Defence Analyst Kobus Marais told SABC the deployment is a strong indication of a serious structural challenge deficit and the decaying within police service capabilities and their commitment.
“The announcement by the president to deploy our soldiers in the streets against our own citizens can never be supported in a constitutional democracy like ours. This is more so when we have a delipidated and defunded defence force with very poor defence capabilities left and the South African Police Services with a budget three times of that of defence force and with many more policemen and women than the defence force has available,” Marais said.
DA cautious
Lisa Schickerling, Democratic Alliance Spokesperson on Police, welcomed Ramaphosa’s deployment announcement, but cautioned that a properly mandated and time-bound SANDF deployment must be guided by a clear joint and integrated inter-agency cooperative framework between the SANDF and SAPS to stabilise areas plagued by gang violence.
“It can help stabilise hotspots, restore community confidence and create the operational space needed for law-enforcement agencies to act. However, stabilisation is not a strategy. The SANDF cannot replace the investigative and intelligence functions of the South African Police Service (SAPS) or the Directorate for Priority Crime Investigation (DPCI).”
Schickerling said that soldiers can assist with visibility and area control, but they cannot dismantle drug networks, build racketeering cases or secure sustainable convictions. The SANDF deployment may assist in stabilising high-risk areas in the short term, but it is not, and cannot be, a long-term crime-reduction solution.
“What South Africa requires instead is structural reform and intelligence-led policing grounded in credible crime intelligence. Most importantly, the expansion of policing powers to competent metropolitan governments within constitutional bounds must happen,” she said.
“Short-term stabilisation may calm hotspots, but long-term safety requires empowered and competent institutions, intelligence-driven policing, prosecution-led investigations and measurable accountability. Where capable provincial and local governments, like the Western Cape Government and the City of Cape Town can strengthen safety delivery within constitutional limits, their role should be expanded to reinforce South Africa’s national safety architecture,” Schickerling said.
Mission creep
Deputy Defence and Military Veterans Minister Bantu Holomisa told The Sunday Times that the SANDF could end up getting involved in other domestic security tasks. “For instance, look at our national key points — we are already protecting Eskom. We are also building one of the major operations in the Eastern Cape, along the N2; and we can deploy them against the construction mafia, because we cannot fold our arms when billions are going to be wasted.”

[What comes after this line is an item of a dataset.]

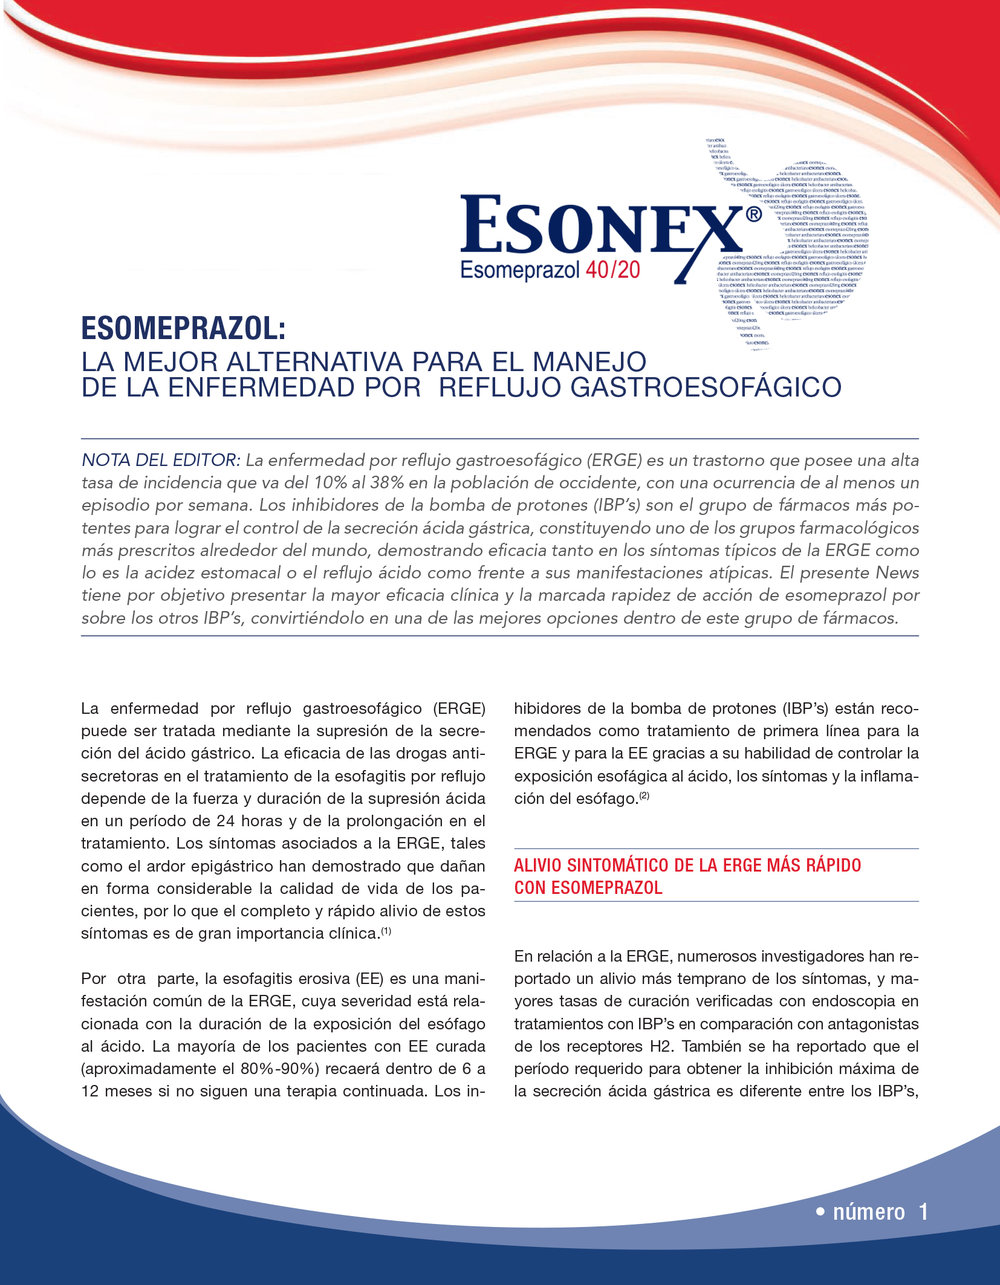 Esonex_Noticias1.jpg

“No more nonsense will be allowed. No more chance-takers. This is an opportunity for the president to crack down on lawlessness. I see it as a first phase in confronting criminals,” he told the publication.

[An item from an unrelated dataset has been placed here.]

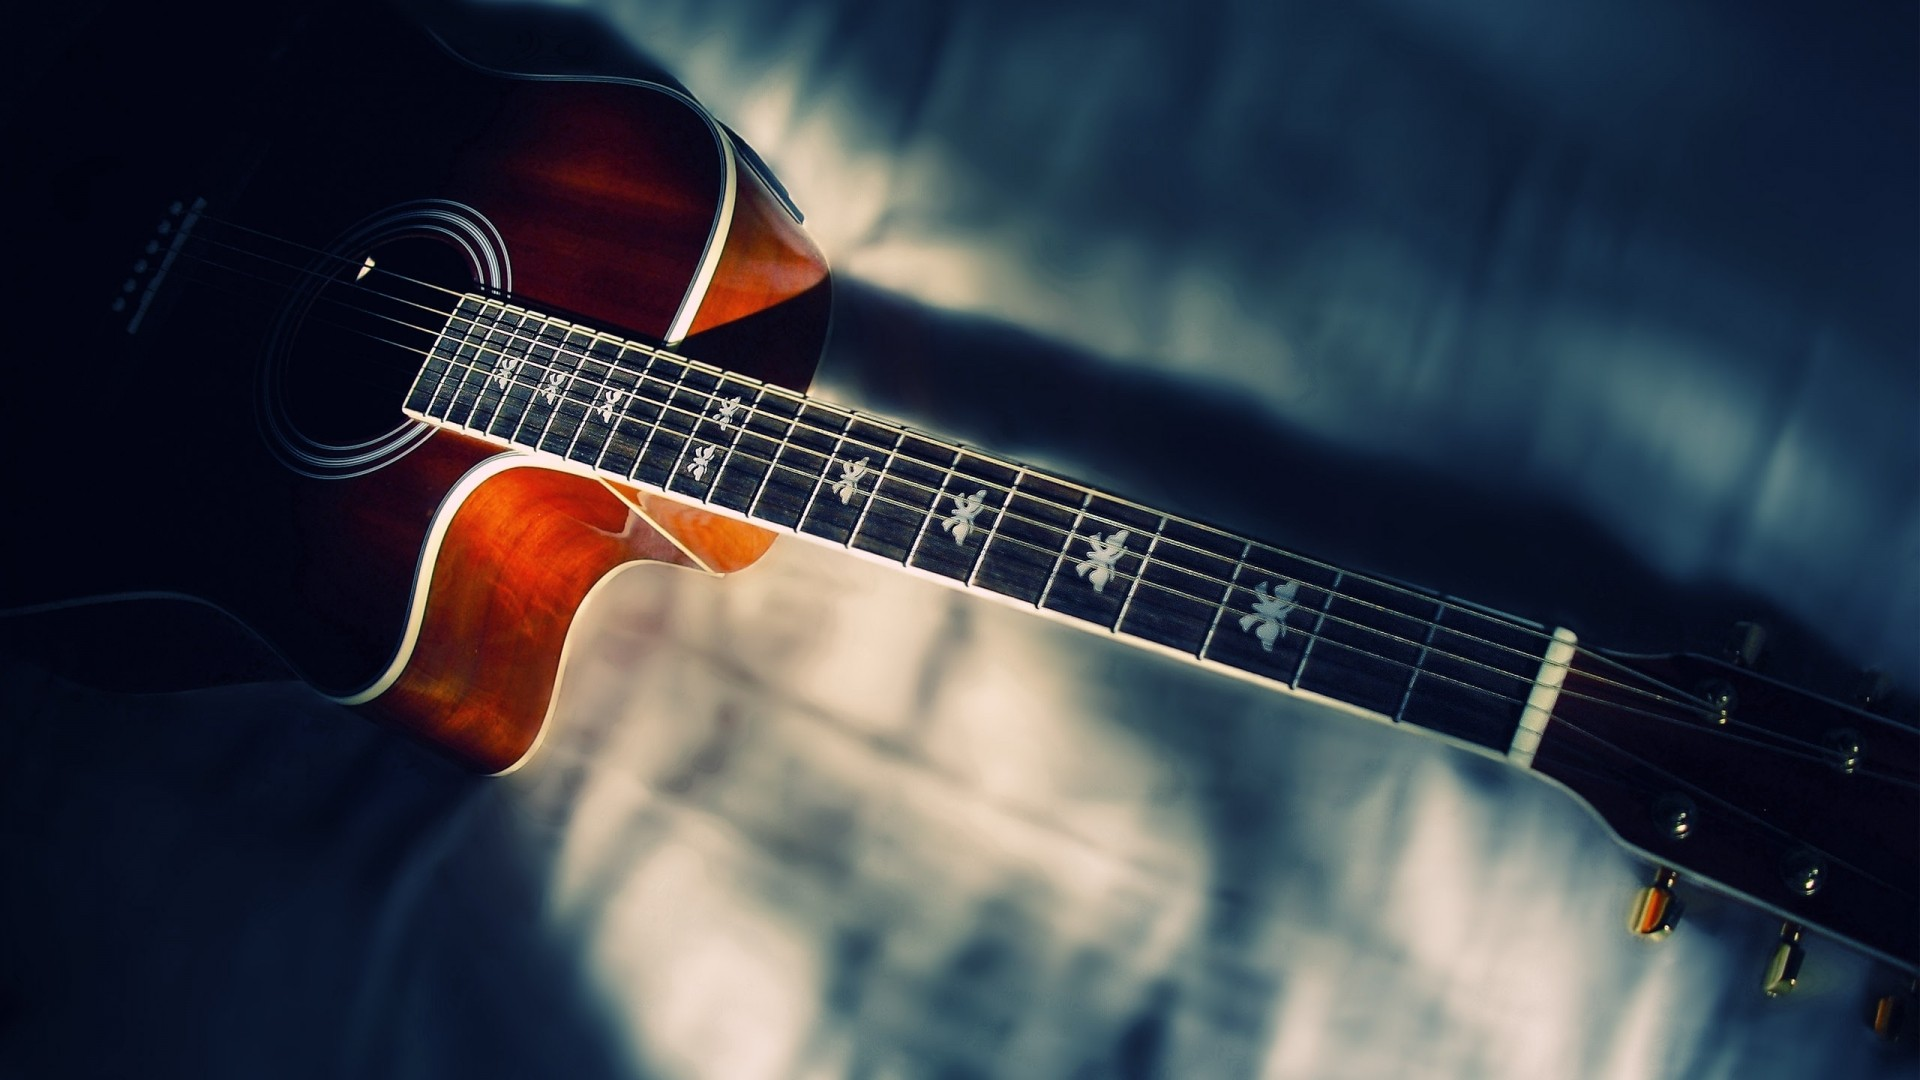 40+] Acoustic Guitar Wallpaper High

Holomisa did warn that a deployment longer than a few months would require financial backup as well as more permanent accommodation for soldiers. Similarly, Rise Mzansi leader Songezo Zibi said he was not in support of the deployment as the SANDF is underfunded.
Legoete also called for a properly funded and modernised SANDF to safeguard South Africa’s sovereignty, support peace missions and contribute to regional stability. He urged government to prioritise the implementation of the 2015 Defence Review and ensure sustainable funding for the Defence Force. “The SANDF is more than a military institution. It is a symbol of our sovereignty, resilience and unity. If we are serious about defeating organised crime and protecting our constitutional democracy, we must equip and fund our Defence Force accordingly. The time for decisive action is now.”